Lors de la 5ᵉ édition de la Science Week à l’Université Mohammed VI Polytechnique, Fouad Laroui, Directeur scientifique de l’événement, a livré une intervention percutante sur les défis auxquels fait face la science aujourd’hui. Avec une éloquence teintée d’inquiétude, il a dénoncé la montée des discours anti-scientifiques, la perte d’autorité des experts et l’impact dévastateur des réseaux sociaux sur la crédibilité du savoir.

Fouad Laroui a ouvert son propos en rappelant l’âge d’or de la science, de la révolution scientifique du XVIIe siècle jusqu’aux années 1980. « À cette époque, la science était incontestée. Quand quelqu’un était malade, on allait chez le médecin. Quand il y avait un tremblement de terre, on consultait les spécialistes de la tectonique des plaques. Personne ne remettait cela en cause », a-t-il expliqué.

Cependant, il a constaté un recul inquiétant de la science dans les décennies récentes. « Aujourd’hui, la science est menacée. Beaucoup de gens considèrent qu’elle est un discours parmi d’autres, au même titre que les opinions ou les croyances. Cela est extrêmement dangereux », a-t-il alerté.

Pour illustrer son propos, Laroui a cité un exemple frappant : « Aux États-Unis, un pays ami du Maroc, on a nommé ministre de la Santé une personne qui ne croit pas aux vaccins. Et cela a été validé par le Congrès. Comment en sommes-nous arrivés là ? »

Science vs opinion : une confusion dangereuse

Laroui a insisté sur la distinction fondamentale entre la science et les opinions. « En politique, il est normal que les gens aient des points de vue divergents. Mais en science, il n’y a pas de place pour les faits alternatifs. Quand un vaccin est validé par des années de recherche, c’est qu’il fonctionne. Point final », a-t-il martelé.

Il a également critiqué la tendance à relativiser le savoir scientifique au nom de la « pluralité des discours ». « On ne peut pas mettre sur le même plan un discours scientifique et un discours non-scientifique. La science repose sur des preuves, des expériences, des faits. Ce n’est pas une question d’opinion », a-t-il rappelé.

Réseaux sociaux : l’autorité du savoir en péril

L’un des points les plus marquants de son intervention a été son analyse de l’impact des réseaux sociaux sur la crédibilité de la science. « Dans les années 1930, un sondage aux Pays-Bas montrait que les professions les plus respectées étaient celles de professeur d’université, de médecin ou de pasteur. Aujourd’hui, ce sont les footballeurs, les DJ et les influenceurs qui dominent ce classement.
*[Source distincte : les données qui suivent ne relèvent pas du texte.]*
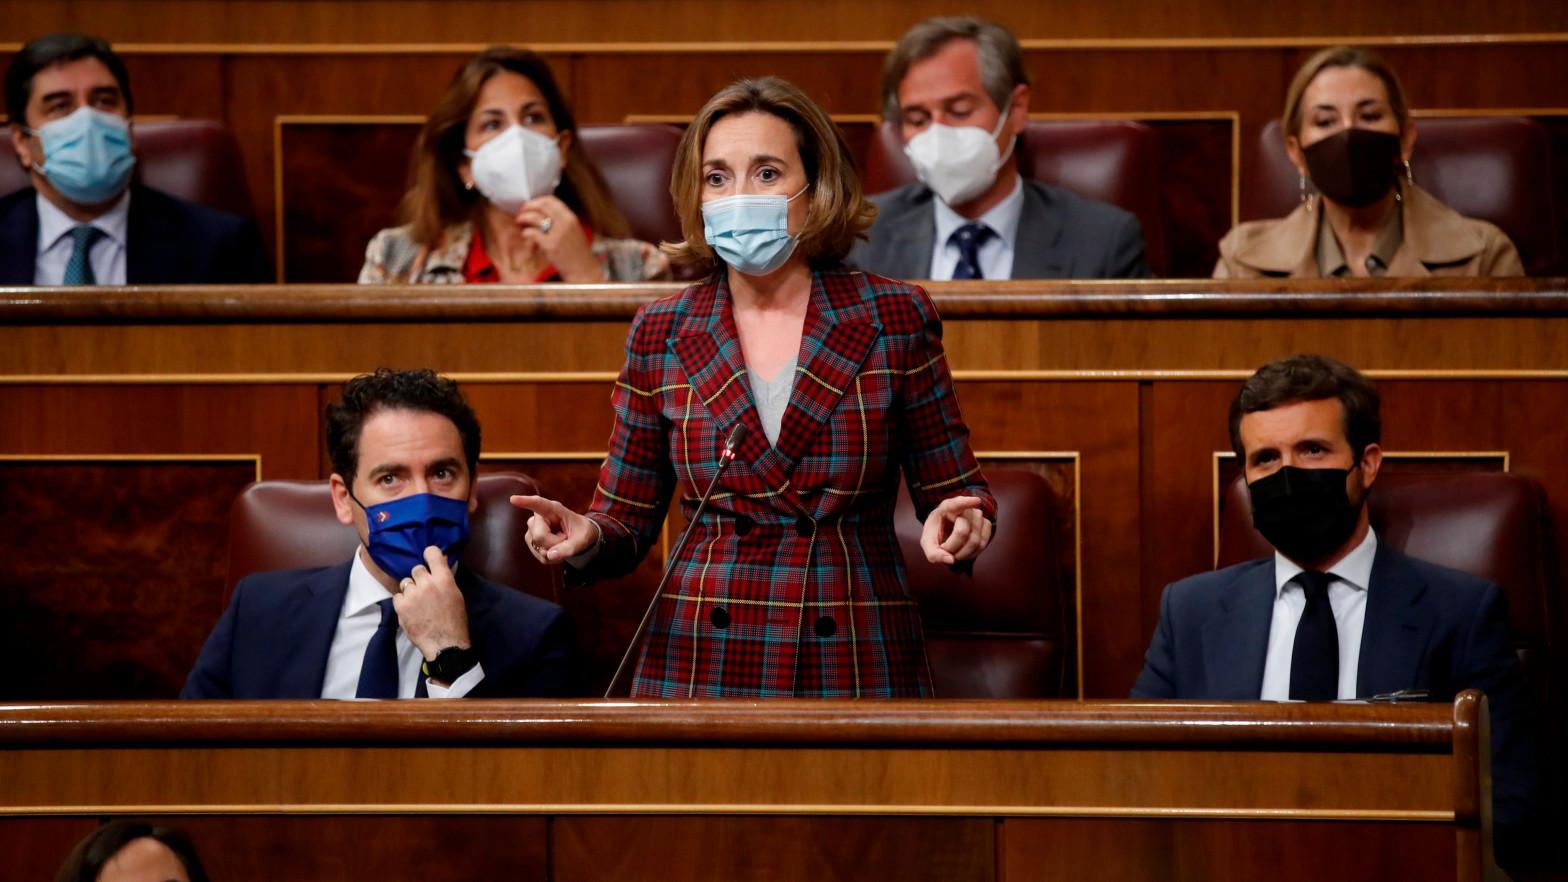 """El PP acusa a Sánchez de """"reírse"""" del Consejo de Estado y Calvo lo niega: """"Al Gobierno no le suplanta ningún órgano"""""""

Le professeur d’université a disparu », a-t-il déploré.

Selon Laroui, cette perte d’autorité est directement liée à la prolifération des informations non vérifiées sur les réseaux sociaux. « Aujourd’hui, si vous posez une question sur les réseaux, vous obtenez dix mille réponses différentes, souvent farfelues. J’ai vu quelqu’un affirmer avec aplomb que l’Amérique avait été découverte d’abord par les Chinois, puis par les Arabes, les Japonais et les Ghanéens, avant Christophe Colomb. C’est absurde, mais cela circule », a-t-il raconté, non sans ironie.

Défendre la science : un impératif

Face à cette situation, Fouad Laroui a appelé à un sursaut collectif pour défendre la science. « Quand vous ne savez pas, tournez-vous vers les grandes universités, vers les experts reconnus. Ne cherchez pas vos réponses sur les réseaux sociaux », a-t-il conseillé.

Il a également souligné le rôle crucial d’événements comme la Science Week pour redonner à la science sa place légitime. « Cette semaine est l’occasion de rappeler que la science est essentielle au développement. Elle n’est pas un luxe, mais une nécessité. Nous devons rester vigilants et continuer à promouvoir un savoir rigoureux et vérifié », a-t-il conclu.